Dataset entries
Segment Open

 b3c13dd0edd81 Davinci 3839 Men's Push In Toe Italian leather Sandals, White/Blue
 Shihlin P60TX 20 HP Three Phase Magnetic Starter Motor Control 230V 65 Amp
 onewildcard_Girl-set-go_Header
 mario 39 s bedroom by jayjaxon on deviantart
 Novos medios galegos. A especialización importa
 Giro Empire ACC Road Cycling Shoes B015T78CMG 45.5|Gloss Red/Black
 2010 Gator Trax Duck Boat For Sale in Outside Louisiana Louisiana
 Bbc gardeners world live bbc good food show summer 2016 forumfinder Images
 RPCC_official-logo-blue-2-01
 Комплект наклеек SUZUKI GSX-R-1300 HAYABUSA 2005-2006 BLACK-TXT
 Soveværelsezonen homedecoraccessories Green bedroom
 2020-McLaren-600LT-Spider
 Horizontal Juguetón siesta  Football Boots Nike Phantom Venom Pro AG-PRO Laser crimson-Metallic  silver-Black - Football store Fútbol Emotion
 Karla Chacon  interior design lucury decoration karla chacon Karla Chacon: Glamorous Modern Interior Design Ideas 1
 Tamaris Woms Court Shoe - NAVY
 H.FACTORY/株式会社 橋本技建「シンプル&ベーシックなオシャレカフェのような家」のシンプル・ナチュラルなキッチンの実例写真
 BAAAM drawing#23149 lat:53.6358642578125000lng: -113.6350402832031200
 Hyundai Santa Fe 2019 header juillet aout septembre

Segment Closed

### WHAT YOU SHOULD DO
The records above must be repeated exactly, in their entirety.

### SOLUTION TO THE PROBLEM
 b3c13dd0edd81 Davinci 3839 Men's Push In Toe Italian leather Sandals, White/Blue
 Shihlin P60TX 20 HP Three Phase Magnetic Starter Motor Control 230V 65 Amp
 onewildcard_Girl-set-go_Header
 mario 39 s bedroom by jayjaxon on deviantart
 Novos medios galegos. A especialización importa
 Giro Empire ACC Road Cycling Shoes B015T78CMG 45.5|Gloss Red/Black
 2010 Gator Trax Duck Boat For Sale in Outside Louisiana Louisiana
 Bbc gardeners world live bbc good food show summer 2016 forumfinder Images
 RPCC_official-logo-blue-2-01
 Комплект наклеек SUZUKI GSX-R-1300 HAYABUSA 2005-2006 BLACK-TXT
 Soveværelsezonen homedecoraccessories Green bedroom
 2020-McLaren-600LT-Spider
 Horizontal Juguetón siesta  Football Boots Nike Phantom Venom Pro AG-PRO Laser crimson-Metallic  silver-Black - Football store Fútbol Emotion
 Karla Chacon  interior design lucury decoration karla chacon Karla Chacon: Glamorous Modern Interior Design Ideas 1
 Tamaris Woms Court Shoe - NAVY
 H.FACTORY/株式会社 橋本技建「シンプル&ベーシックなオシャレカフェのような家」のシンプル・ナチュラルなキッチンの実例写真
 BAAAM drawing#23149 lat:53.6358642578125000lng: -113.6350402832031200
 Hyundai Santa Fe 2019 header juillet aout septembre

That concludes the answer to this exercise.